“Stop fucking around and shoot me already!” (¡Déjense de joder y tiren de una vez¡).
Tal vez, de no mediar esa orden, el vagabundo, ladrón y asesino no sería lo que fue y nadie lo recordaría.
La escena sucedió en un lugar extraño y a ad hoc.
Un caseta, como un mínimo teatro… Oscura y a prueba de ruidos, sólo con ocho butacas ocupadas, y una fuerte luz en el escenario: el condenado a muerte Gary Gilmore.
Los ocho espectadores eran un pelotón de fusilamiento: ocho rifles y siete balas, una de ellas de fogueo para que no todos se sintieran culpables.
Ruleta tramposa: siete contra una.
Gary nació en Texas en 1940, y con mal naipe. Padre borracho y golpeador, y por añadidura, estafador.
En Oregón, a los quince años, conoció la universidad del crimen. Un reformatorio. A los treinta y cinco había pasado más de la mitad de su vida entre rejas. Vida acaso irrecuperable.
Pero de pronto, libertad condicional.
Se mudó a Utah. Dos meses de quietud…, hasta que sus demonios se desataron en un río de se sangre, a pesar de Nicole, diecinueve años, de Provo, Utah, que prometió ayudarlo –inútil cruzada– a enmendar su vida.
El 19 de julio de 1976, de noche, robó una estación de servicio.

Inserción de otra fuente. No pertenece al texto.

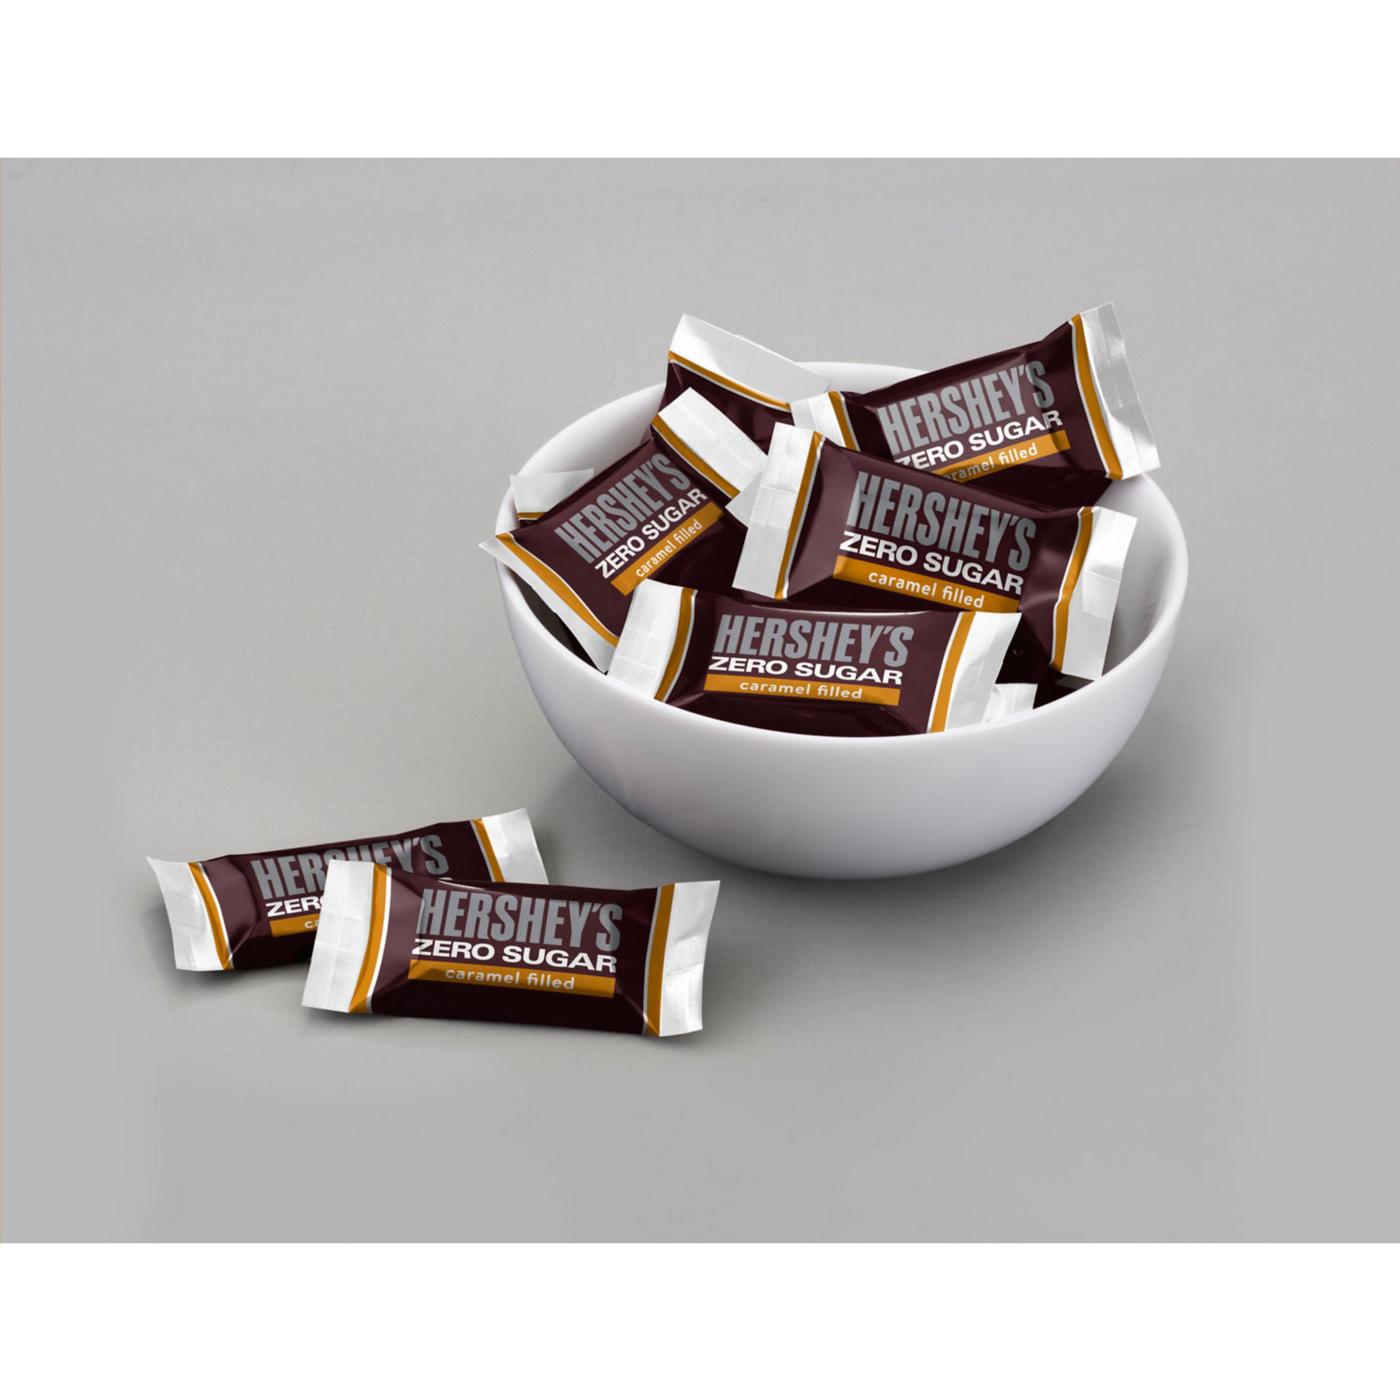 Hershey's Sugar Free Caramel Filled Chocolates; image 7 of 7

La víctima, Max Jensen, no se resistió –era un hombre manso–, pero Gary Gilmore lo mató de dos tiros en la cabeza.
Al otro día asaltó al gerente del un motel, Ben Bushnel, que le dio todo el dinero de la caja, pero murió baleado.
Dos homicidios. Pena de muerte cantada.
Pero las chicanas jugaron su ajedrez. Lo condenaron solo por el asesinato del gasolinero “por falta de evidencia en el otro caso”, a pesar de amplia confesión.
Para calentar más el conflicto, se enfrentaron tirios y troyanos: los fanáticos de la pena de muerte y sus enemigos.
El juicio y sus argucias llevaron demasiado tiempo, contra la voluntad del condenado:
–Sólo quiero morir ¡Basta!
Se abrió las venas dos veces. Echó a sus abogados defensores.
Por fin, el 17 de enero de 1977, después de elegir balas en lugar de la soga del patíbulo, se fue de este mundo.
Post scriptum: pero nadie podía imaginar la asombrosa vuelta tuerca literaria que seguiría. En noviembre de 1966, Truman Capote había publicado su obra maestra: A Sangre Fría, la historia de cuatro crímenes –toda una en una familia en una granja de Kansas-. Suceso mundial… Pero, como un eco tardío, en 1999, Norman Mailer presentó La Canción del Verdugo (título insuperable), y ganó el Premio Pulitzer. Capote y su lengua de serpiente dijo: “Yo tardé siete años en investigar y escribir A Sangre Fría, y Norman lo escribió con recortes de diarios”. No es exacto en ningún caso. Varios de esos siete años se diluyeron en viajes exóticos y reuniones sociales con la high society, y se sabe que Norman pasó largas semanas con los personajes directos o cercanos a Gary Gilmore. El único asesino que pidió a gritos que lo mataran.